Investigating the Effectiveness of a Data-driven Learning (DDL) intervention in an EFL Academic Writing Class

Tue, March 27, 1:50 to 2:20pm, Sheraton Grand Chicago, Arkansas Room
Session Submission Type: Paper



The past few decades have witnessed the emergence and development of corpus linguistics “as a powerful methodology-technology” (Lee & Swales, 2006, p. 57) with considerable potential for linguistic research and language pedagogy. In language teaching and learning, the growing applications of corpus linguistics are greatly expanding our pedagogical options and resources (Conrad, 2000; Vyatkina, 2016), as corpora provide rich language samples for teachers to develop authentic instructional materials and classroom activities (Yoon & Hirvela, 2004), and for learners to form and test their hypotheses about patterns of language use (Leech, 1997). However, corpora and corpus tools have not yet “made major inroads into language classrooms” (p. 138, Yoon, 2011), especially in EFL/ESL contexts, and the effectiveness of data-driven learning (DDL) in these contexts has not been firmly established.

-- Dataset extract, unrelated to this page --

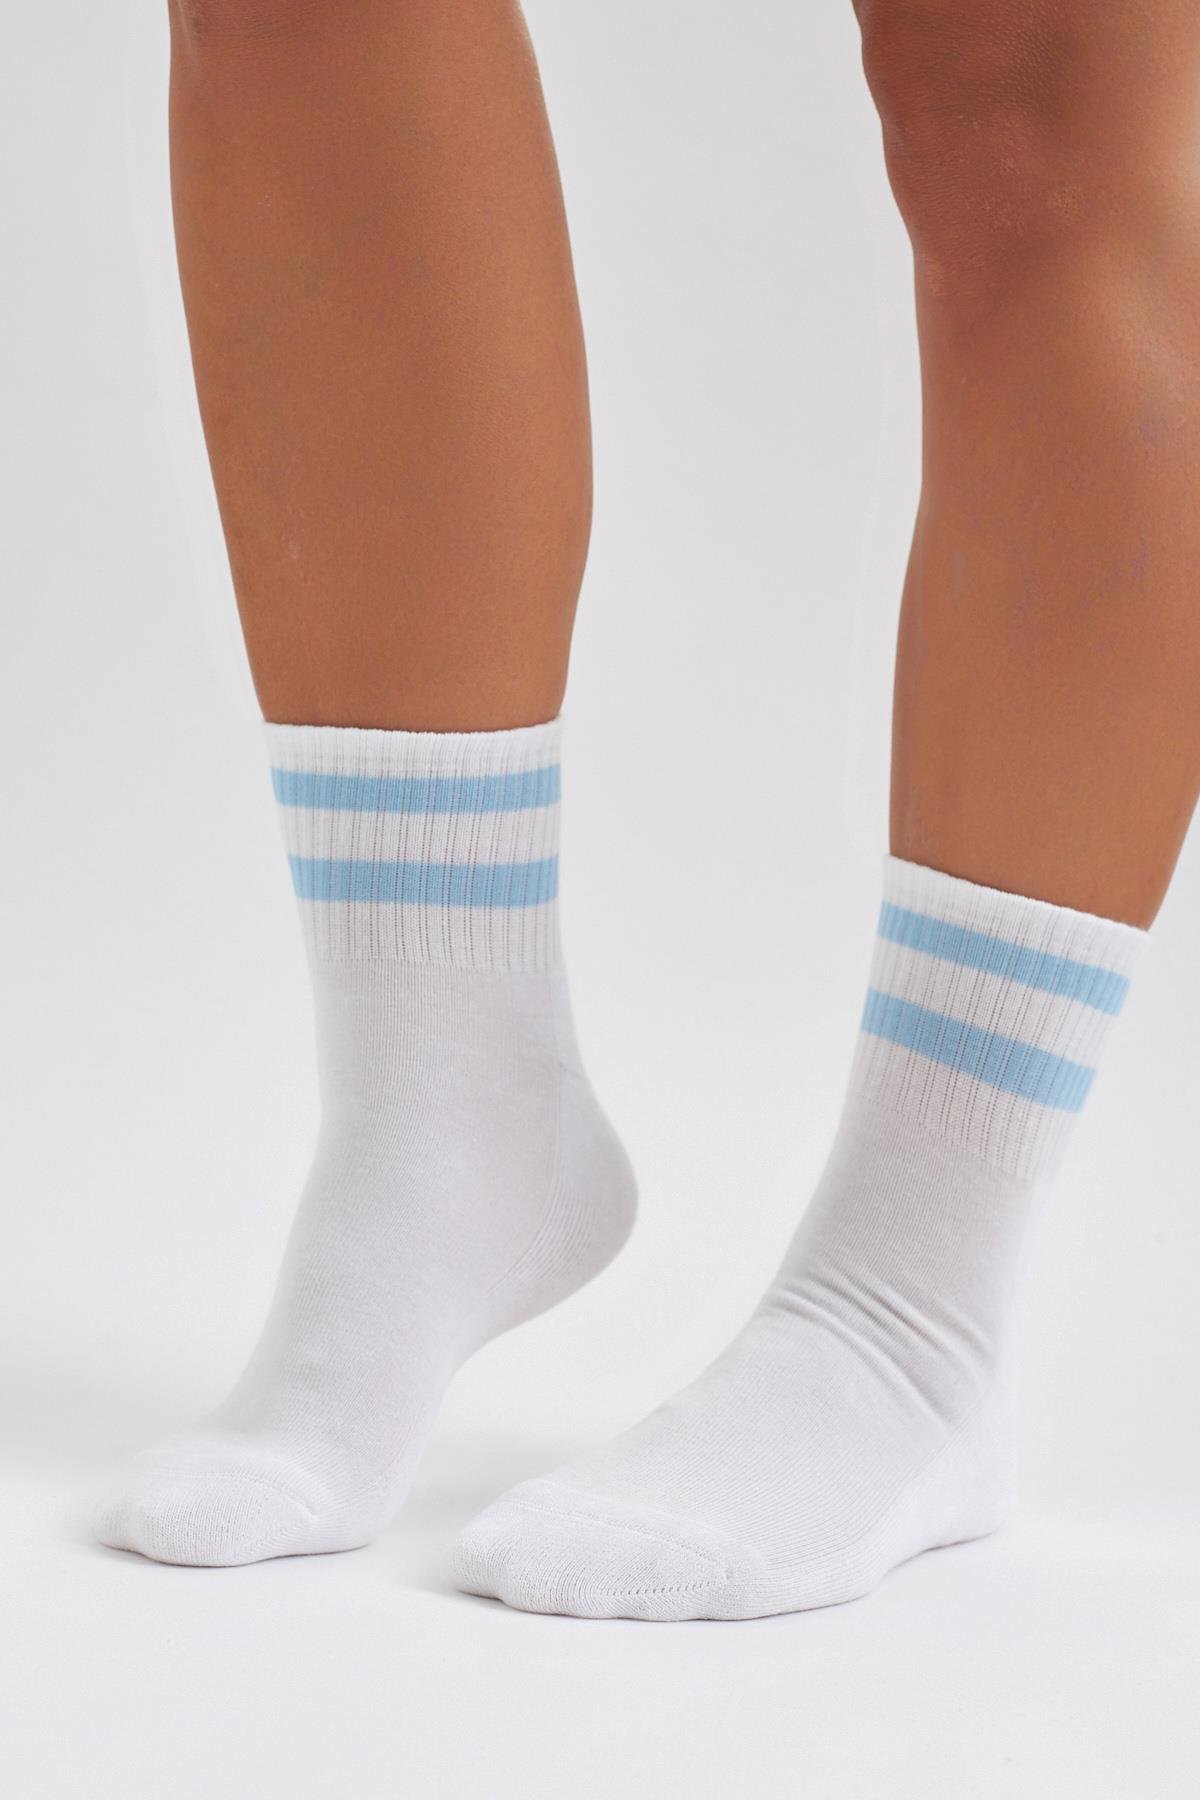 Havlu Taban Çizgili Kısa Konç Erkek Soket Çorap Beyaz MAVİ

This presentation reports on an experimental study that set out to investigate the effectiveness of a DDL intervention in an EFL university classroom, in comparison with a traditional teacher-directed approach, in raising learners’ awareness of hedging in English academic writing and improving their use of hedges. The study adopted a pretest-posttest-delayed test randomized control group design. Treatment for the experimental group involved hands-on experience with two carefully chosen, purpose-built online corpora, while that for the control group consisted of traditional lectures featuring dictionary work and passage-based exercises. Statistical analyses of the two groups’ performances on the three tests have yielded empirical evidence of both the affordances and limitations of the DDL activities. In addition, a questionnaire survey conducted after the intervention has received generally positive feedback from the experimental group participants towards the incorporation of corpora in classroom teaching. These findings are interpreted and discussed in terms of DDL learning principles. The presentation concludes with suggestions for future DDL applications and research in EFL teaching contexts.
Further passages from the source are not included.